Moles are seen as pests because of their tendency to destroy plant life while digging through lawns to make molehills. Thankfully, there are a number of ways to catch and remove them.
Find mole tunnels
Since moles live underground, they are very good diggers and will create underground tunnels for themselves. When searching for moles, look around molehills for signs of tunneling and underground animal activity. Fresh heaps of soil around your house can be an indication of mole activity. Also try to find out which directions the tunnels go, tunnels are often beneath grassy areas that feel softer to touch or walk on.
Find out if the tunnel is active
An active tunnel will most likely have fresh piles of dirt around it, this will tell you that a mole is inside and is still doing some digging in search of earthworms and grubs. But to be extra sure, step on the tunnel in a way that it collapses at one or both ends. Leave the tunnel entrance covered with dirt. After a day, return to the collapsed tunnel to observe if the collapsed soil has been pulled out once more. If so, then the tunnel is active.
Set a mole trap
When shopping for a mole trap, you will find that there are a few options to choose from, there are the scissor jaw traps, the harpoon traps, and the choker loop traps. These traps differ in how they catch the mole, but almost all are deadly. Each trap will come with a set of instructions on how to use it, so make sure to carefully read the instructions to determine the best approach to set the trap.
Once you have figured out how to open and set the trap, place it in the tunnel. But first, you have to prepare the tunnel for the trap. To do this, use a trowel to cut out a section of the tunnel, compact the dirt at the tunnel’s bottom, place the trap and cover it with loose dirt. The compact soil will prevent the mole from digging beneath the trap, while the loose soil will encourage the mole to dirt into the trap.
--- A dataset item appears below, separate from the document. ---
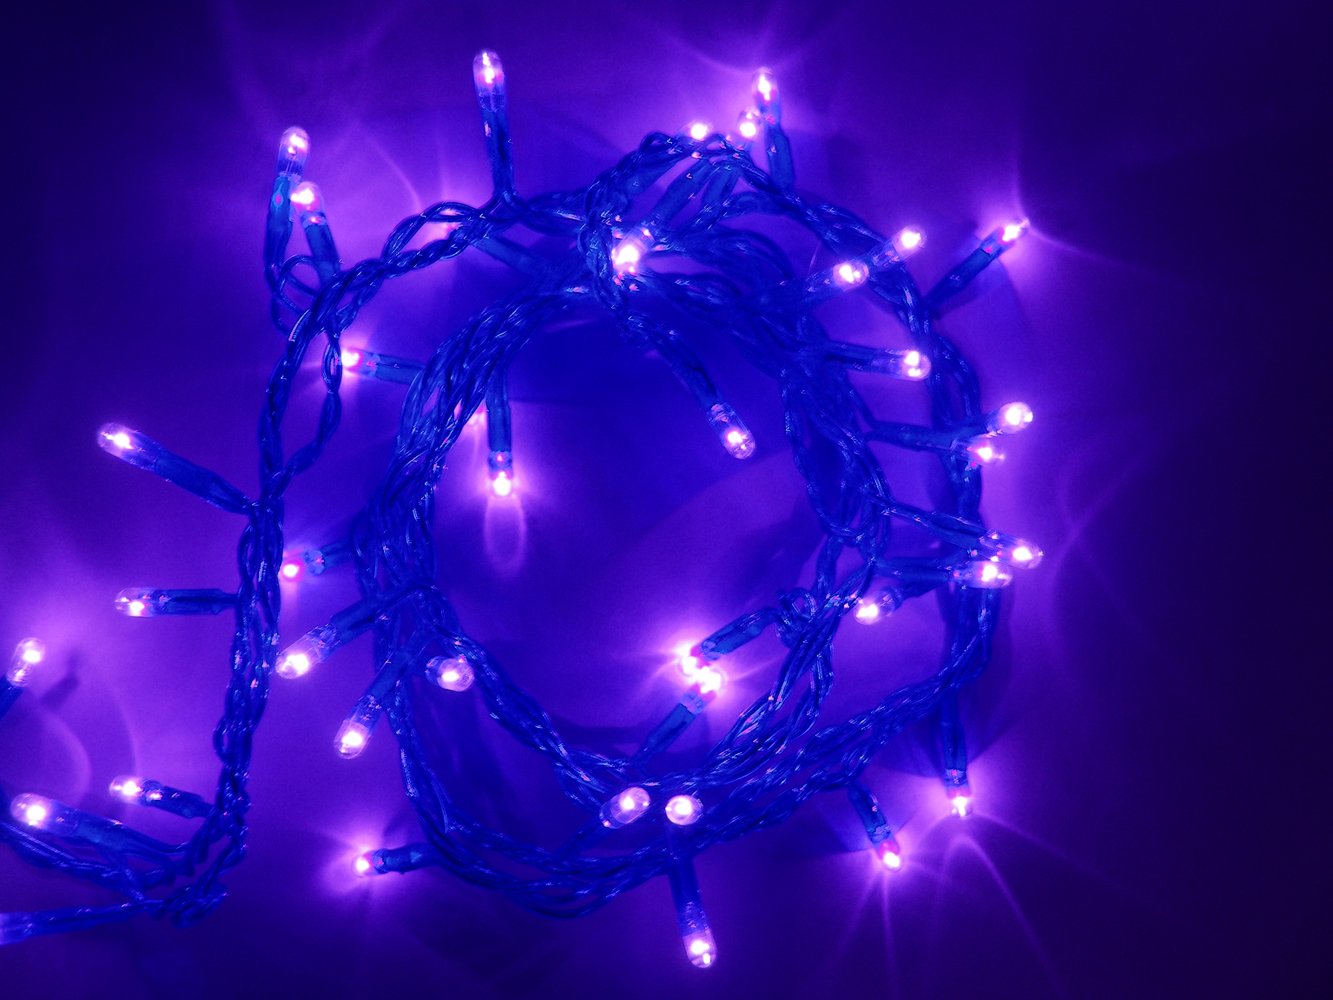 purple light with white bulbs in the middle

Finally, cover the trap. To keep kids and pets away from the trap, cover it with a big bucket. The bucket will also aid in blocking light, allowing the mole to keep digging.
Check the trap
Check the trap at least a day to see whether a mole has been caught. Remove both the mole and the trap once the trap has successfully trapped the mole. Shift the trap to a different location if it doesn’t catch a mole after a couple of days. There are a few reasons why a mole trap might not work, and some of these reasons include faulty trap setting, altered burrowing habits, excessive tunnel disturbance, but you’ll have to learn from experimenting. You should check if the trap was properly set and place your trap somewhere else if it doesn’t make a catch after 2 days.
Remove the mole
Congratulations if your trap successfully caught a mole. Now, it’s time to carefully dispose of the dead mole. There are some precautions to take for this exercise. First, you want to make sure that your hands do not come in contact with the animal. Wear thick gloves or wrap a plastic bag over your hands before grabbing the mole. Place the mole in the trash bag and seal it with a tie.